The wasmtime wrapper sets:

-Wthreads=y -Sthreads=y — enable WASM threads and shared memory
--env HARDWARE_CONCURRENCY — thread count
--env BB_BENCH — enable operation counting (ENABLE_WASM_BENCH=ON is set by the wasm-threads preset)
--dir=$HOME/.bb-crs --dir=. — filesystem access for CRS and working directory

Local runs are noisy — average 3 runs

Non-dedicated machines have variable CPU load. Run the benchmark at least 3 times and average the results. Only the remote benchmarking machine (see /remote-bench skill) provides stable, isolated CPU for single-run measurements.

When iterating locally on profiling code changes, relative comparisons (before vs after your change) are still valid on noisy machines — just ensure you compare runs taken close together under similar load.

Using with the remote benchmarking machine

For noise-free, publishable results, use the /remote-bench skill to run on the dedicated EC2 instance. The two skills compose naturally:

/benchmark-chonk download-inputs — get pinned inputs locally
/remote-bench — build locally, scp binary + inputs to remote, run there, copy results back

See the /remote-bench skill for setup, lock management, and usage.

BB_BENCH instrumentation system

How it works

BB_BENCH is an always-compiled, low-overhead RAII profiling system.

Header: barretenberg/cpp/src/barretenberg/common/bb_bench.hpp Implementation: barretenberg/cpp/src/barretenberg/common/bb_bench.cpp

Macros:

BB_BENCH()                    // label = __func__
BB_BENCH_NAME("label")        // custom label (preferred)
BB_BENCH_ONLY_NAME("label")   // no Tracy, no nesting — lightweight
BB_BENCH_ENABLE_NESTING()     // set parent context for child operations

The macros create BenchReporter RAII objects that:

On construction: capture parent context + start time
On destruction: record elapsed time with parent association
Build a hierarchical call tree automatically

Activation: BB_BENCH=1 env var, or --print_bench / --bench_out_hierarchical CLI flags.

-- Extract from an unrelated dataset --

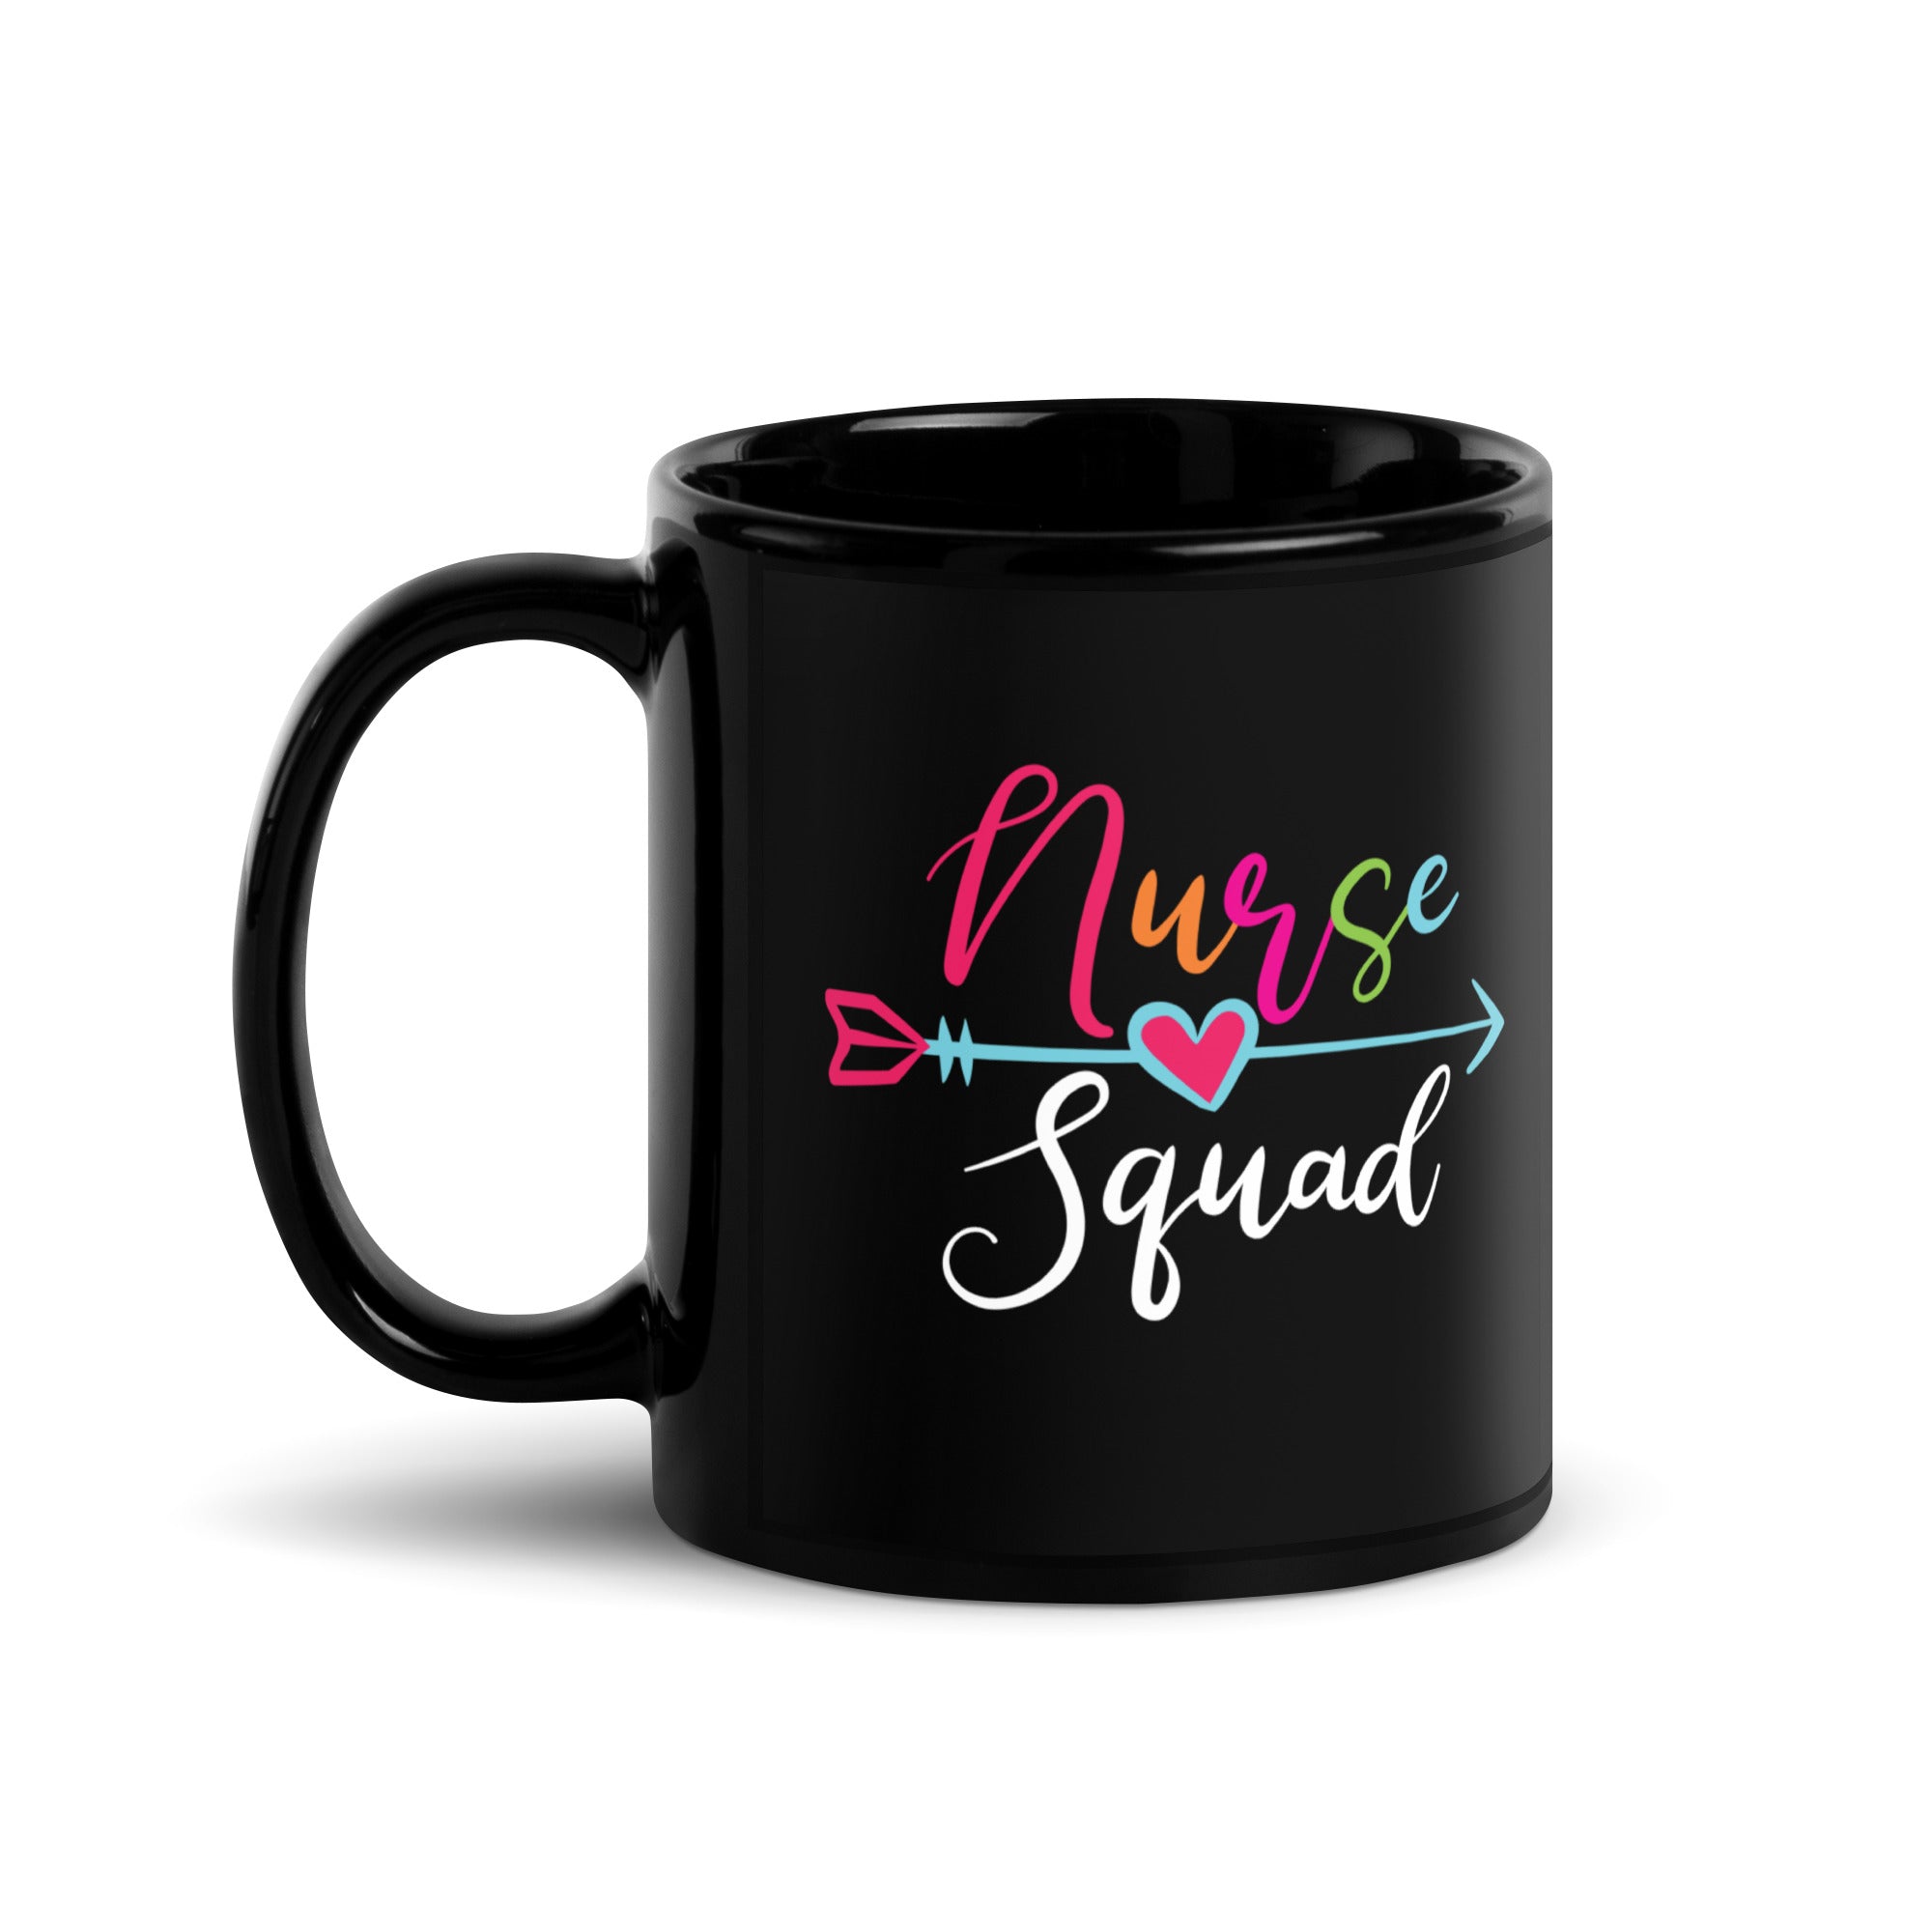 Nurse Squad Black Glossy Mug

Google Benchmark integration

For .bench.cpp targets that integrate BB_BENCH into Google Benchmark counters:

#include "barretenberg/common/google_bb_bench.hpp"

for (auto _ : state) {
    GOOGLE_BB_BENCH_REPORTER(state);  // clears stats, collects on destruction
    // ... benchmark body ...
}

GOOGLE_BB_BENCH_REPORTER(state) creates a GoogleBbBenchReporter which:

Constructor: calls GLOBAL_BENCH_STATS.clear() — resets all accumulated stats
Destructor: aggregates stats into Google Benchmark counters (each operation becomes a (s) suffixed counter)

Per-circuit / per-accumulate breakdown

Key function: bb::detail::GLOBAL_BENCH_STATS.clear() (barretenberg/cpp/src/barretenberg/common/bb_bench.cpp)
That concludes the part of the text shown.